Four tools, one 60-page state RFP, the same compliance matrix task. Time-to-matrix and accuracy against a hand-built reference. The results were closer than I expected and the failure modes were different than I expected.

PursuitAgent 3 min read RFP Mechanics

I ran a small bake-off this week. One 60-page state RFP, four tools, the same compliance-matrix extraction task. Each tool got the PDF and was asked to produce a structured matrix of every shall, must, and will-statement, with section pointers.
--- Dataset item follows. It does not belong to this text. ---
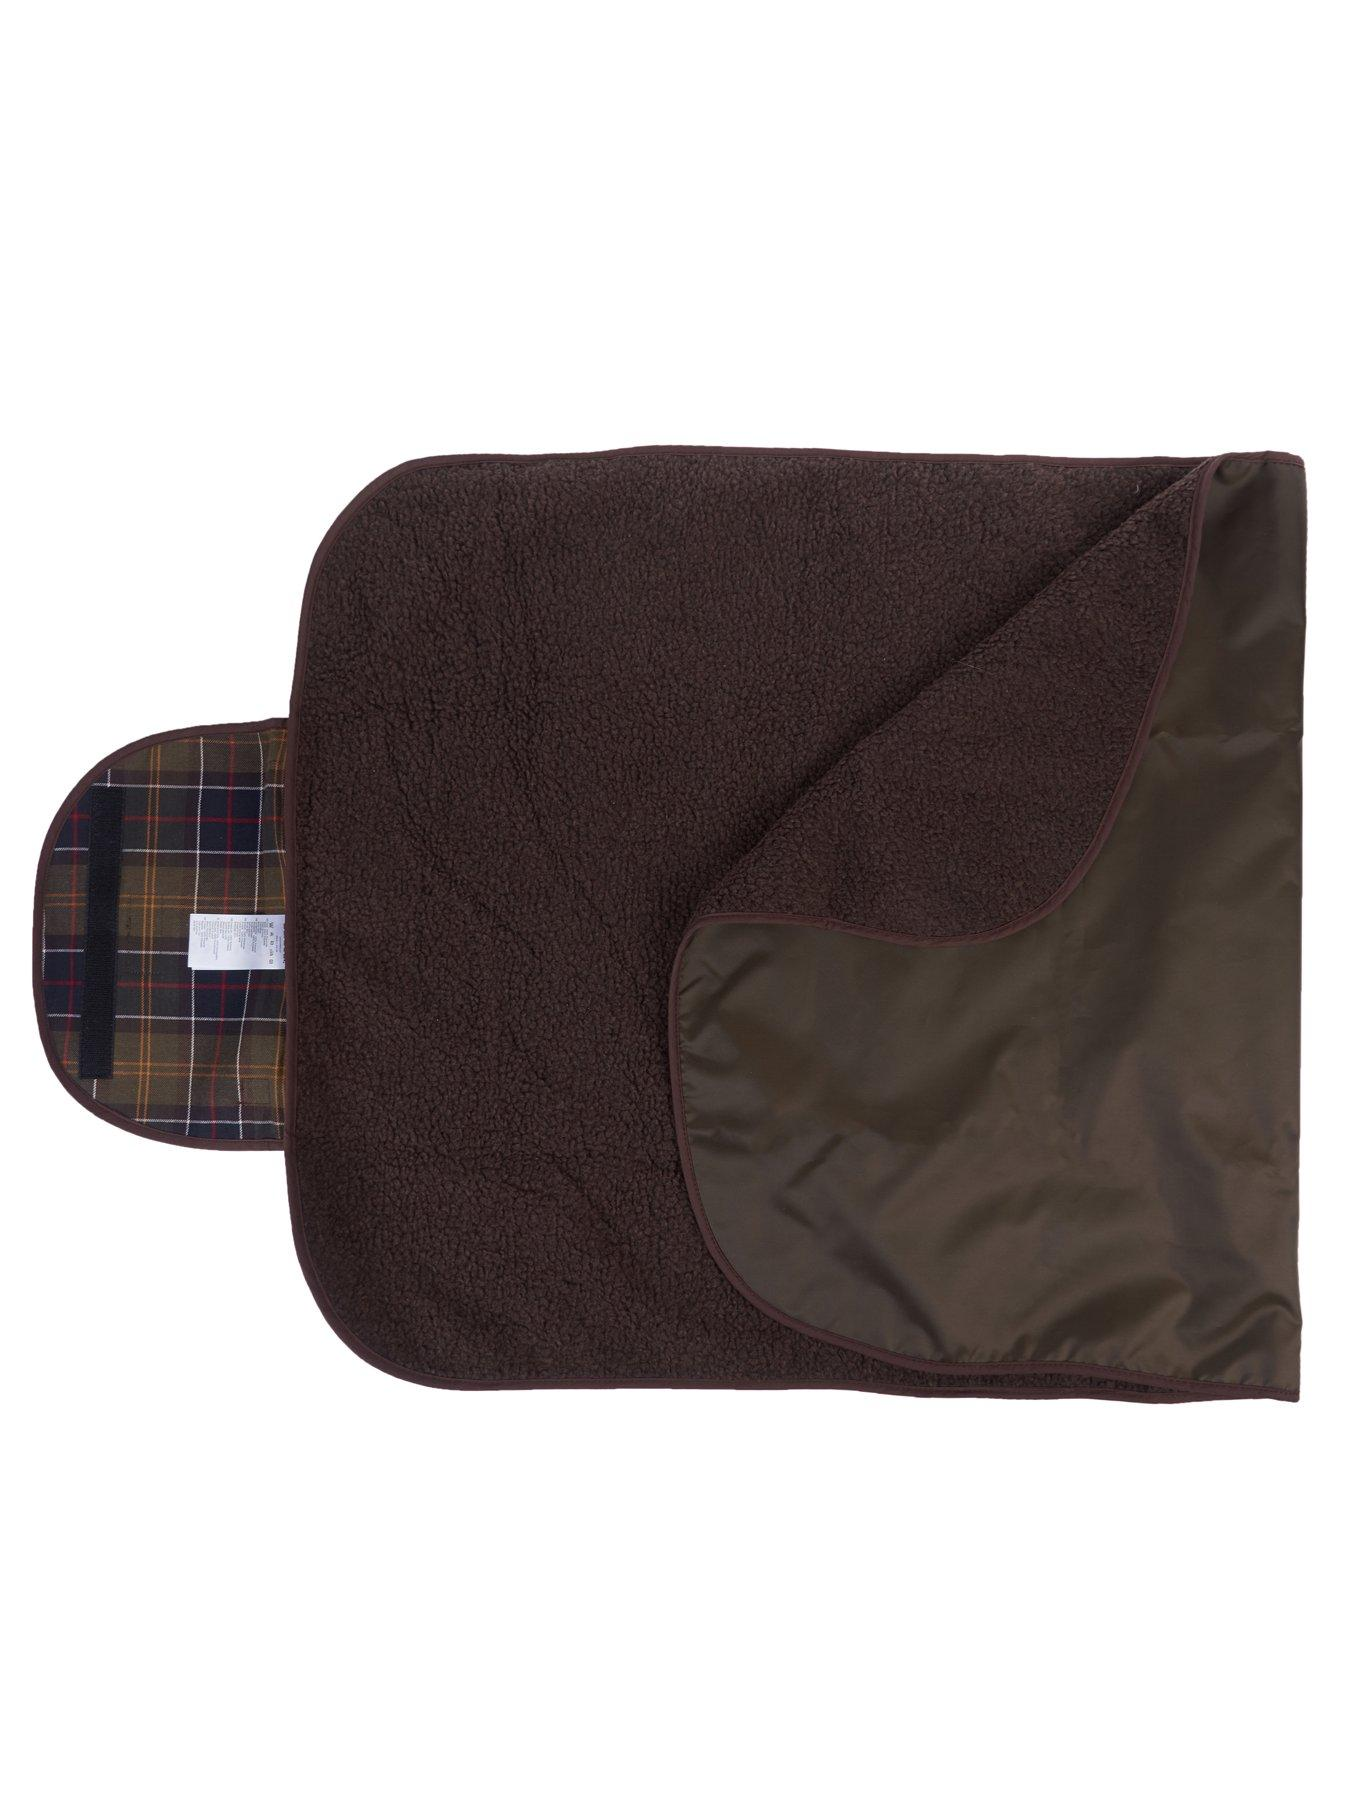 barbour dog blanket large

I had a hand-built reference matrix from the proposal team that ran the bid, with 247 verified requirements.

The four tools: PursuitAgent (us), one of the major incumbent platforms with a recent AI-extraction feature, a general-purpose RAG tool (LlamaIndex with a custom prompt), and ChatGPT with a careful prompt and the PDF as an attachment. I am not naming the incumbent; the point is the pattern, not the comparison.

The numbers

Time-to-matrix:

  • PursuitAgent: 3 minutes 41 seconds.
  • Incumbent: 6 minutes 12 seconds.
  • LlamaIndex custom: 8 minutes (most of which was prompt iteration).
  • ChatGPT: 4 minutes 30 seconds (one shot, no iteration).

Accuracy against the 247-row reference (precision and recall):

  • PursuitAgent: 94% precision, 91% recall.
  • Incumbent: 87% precision, 84% recall.
  • LlamaIndex custom: 81% precision, 79% recall (after a second iteration; first pass was 70/70).
  • ChatGPT: 76% precision, 88% recall.

These are single-RFP numbers. They are directional, not benchmarks. A different RFP would produce different numbers across all four tools.

What broke

The failure modes were more interesting than the aggregate numbers.
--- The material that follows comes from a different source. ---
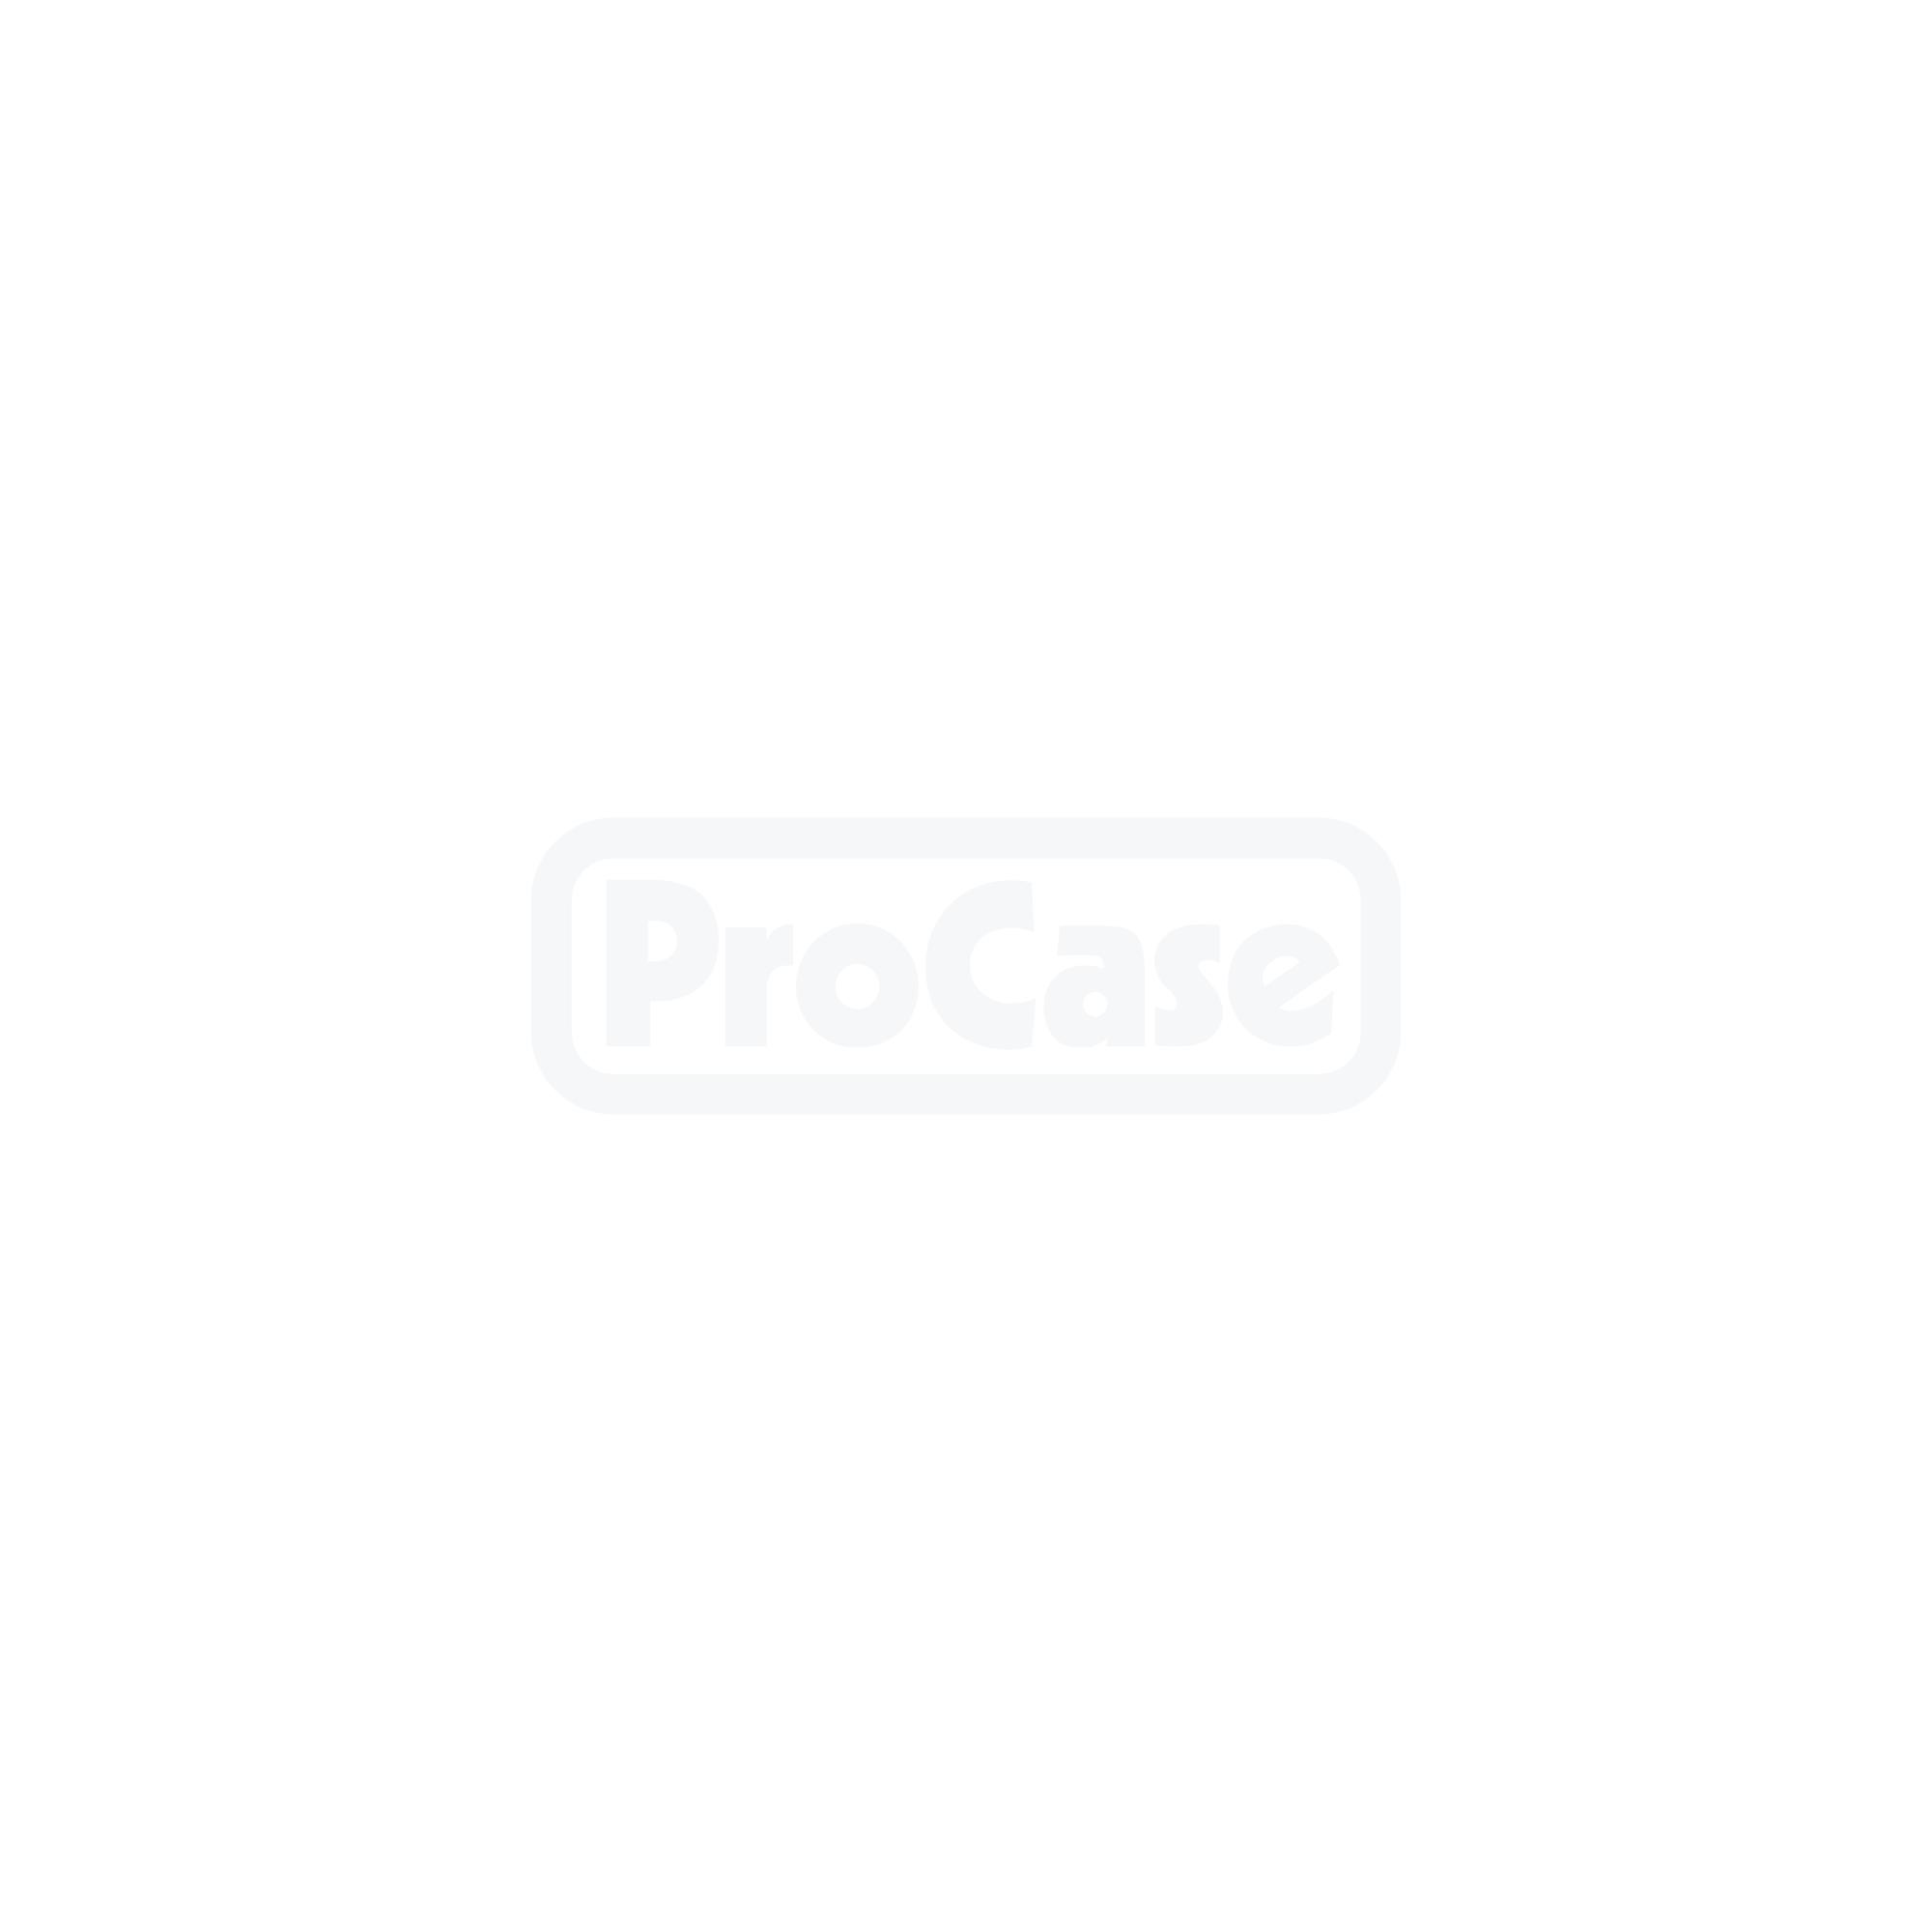 Transportkoffer für Zeiss OPMI Pico Mikroskop 2

The incumbent missed Section H (Special Contract Requirements) entirely. It treated H as an administrative section and skipped extraction. Section H had 18 requirements in this RFP. Score: zero of 18 in the incumbent’s output. This is the kind of error that causes a real disqualification.

**LlamaIndex returned strong matches on shall-statements and weak matches on the buyer’s softer language (“the offeror is encouraged to,” “should provide where applicable”). This is a known retrieval failure for general-purpose tools — the prompt has to be RFP-specific. With a more careful prompt I could have moved the numbers, but the time cost would have erased the speed advantage.
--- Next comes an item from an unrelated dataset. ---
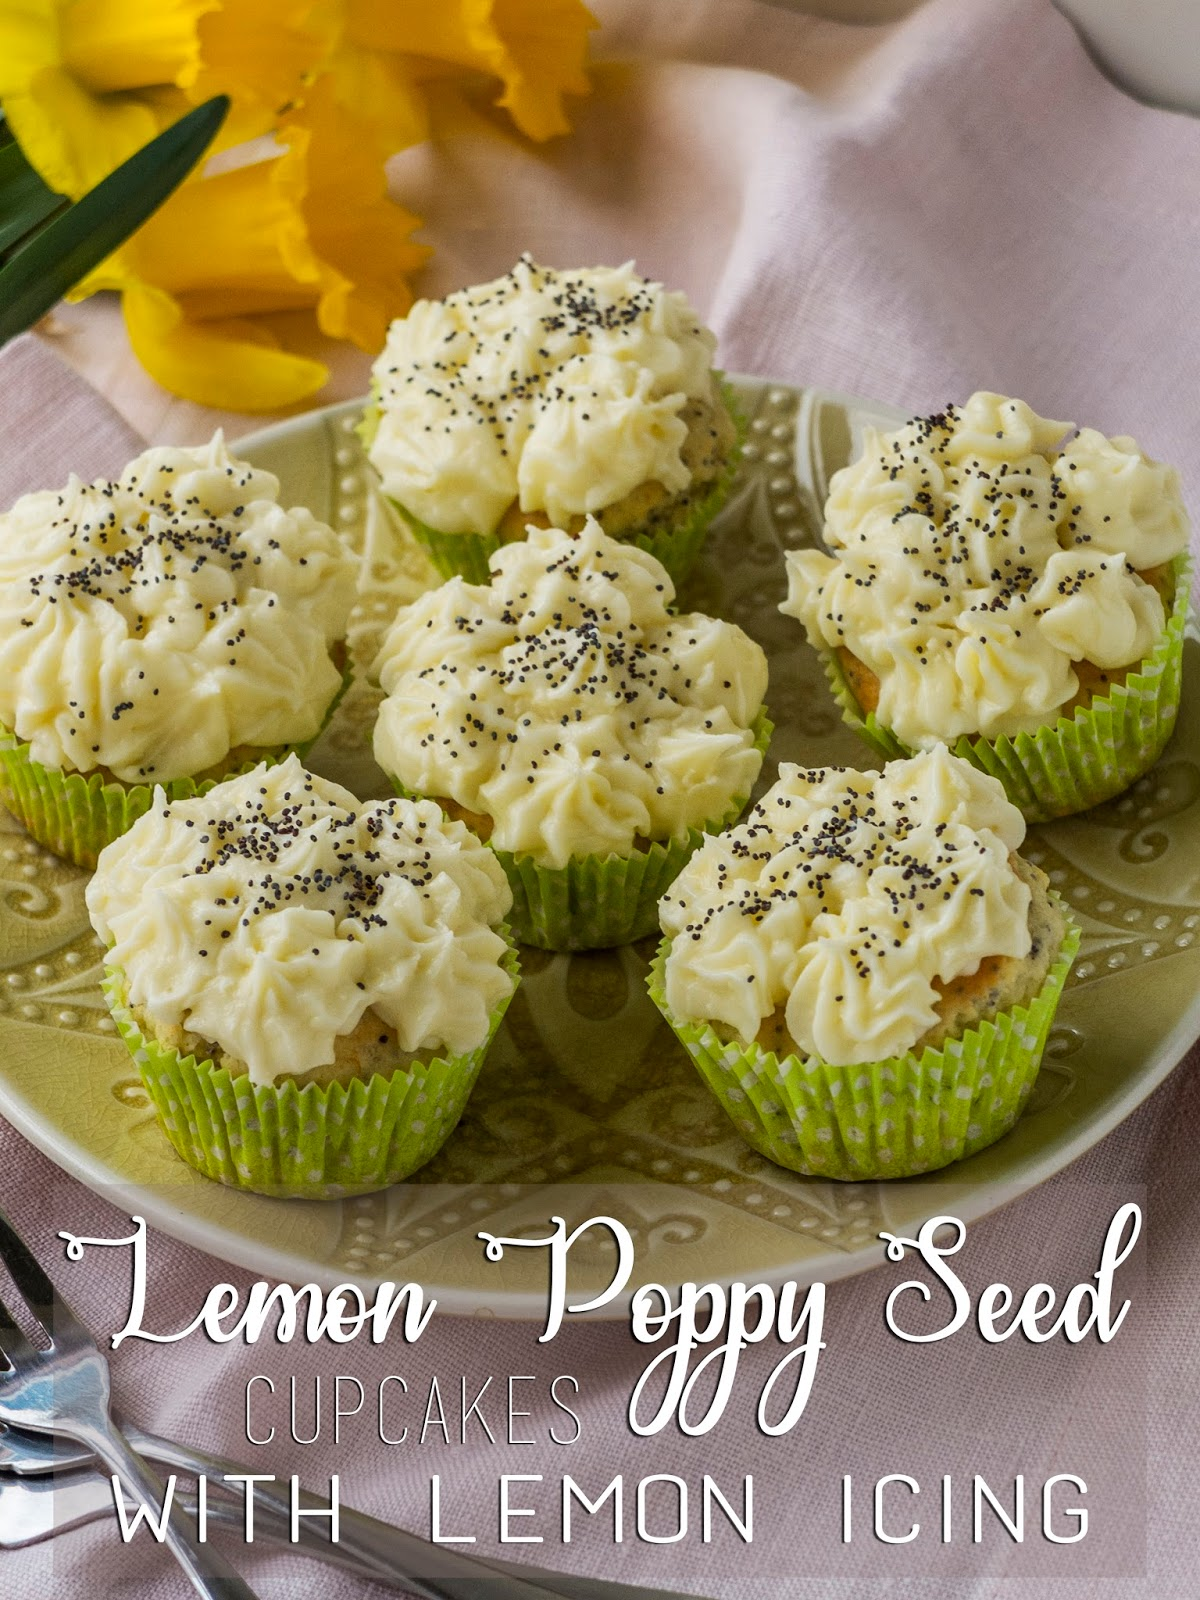 Iced lemon cupcakes arranged on a plate.

**ChatGPT had high recall and lower precision because it occasionally synthesized a “requirement” from instructional text that was not actually a requirement. Eight rows in its output were RFP-content paraphrases that didn’t correspond to a shall-statement. False positives in a compliance matrix are dangerous; they pull team effort to obligations that don’t exist.

Our system missed three shall-statements that lived in a footnote. Footnote handling in our PDF parse is the work in progress described in Ingest pipeline with LlamaParse. We have a fix in the queue.

What I take from this

A few things.

First, the incumbent’s AI extraction is not bad — 87% precision is usable. But the section-skipping pattern (missing Section H) is a category error, not a tuning problem. Tools that don’t understand RFP structure produce systematic blind spots that are dangerous in different ways than random errors.

Second, ChatGPT-with-a-prompt is closer than I expected for a one-shot baseline. If a small team has no budget for tooling and is willing to manually verify the false positives, it is not a useless workflow. It is also not a workflow that scales; the verification cost dominates at any volume.

Third, the speed gap among purpose-built tools is small. The accuracy gap is real but narrow. The category is not differentiating itself on extraction accuracy alone; differentiation has to come from what happens after extraction — versioning, review workflows, traceability to the response. We covered this in the compliance matrix in 30 minutes post.

I would run this again with a federal IDIQ — those have the most complex extraction surface. The state RFP I used was structurally clean. A messier document would spread the tools out more.

For now: any tool whose extraction misses an entire section silently is one I would not put on a bid where compliance scoring is binary. The hand-built reference still matters more than the tool.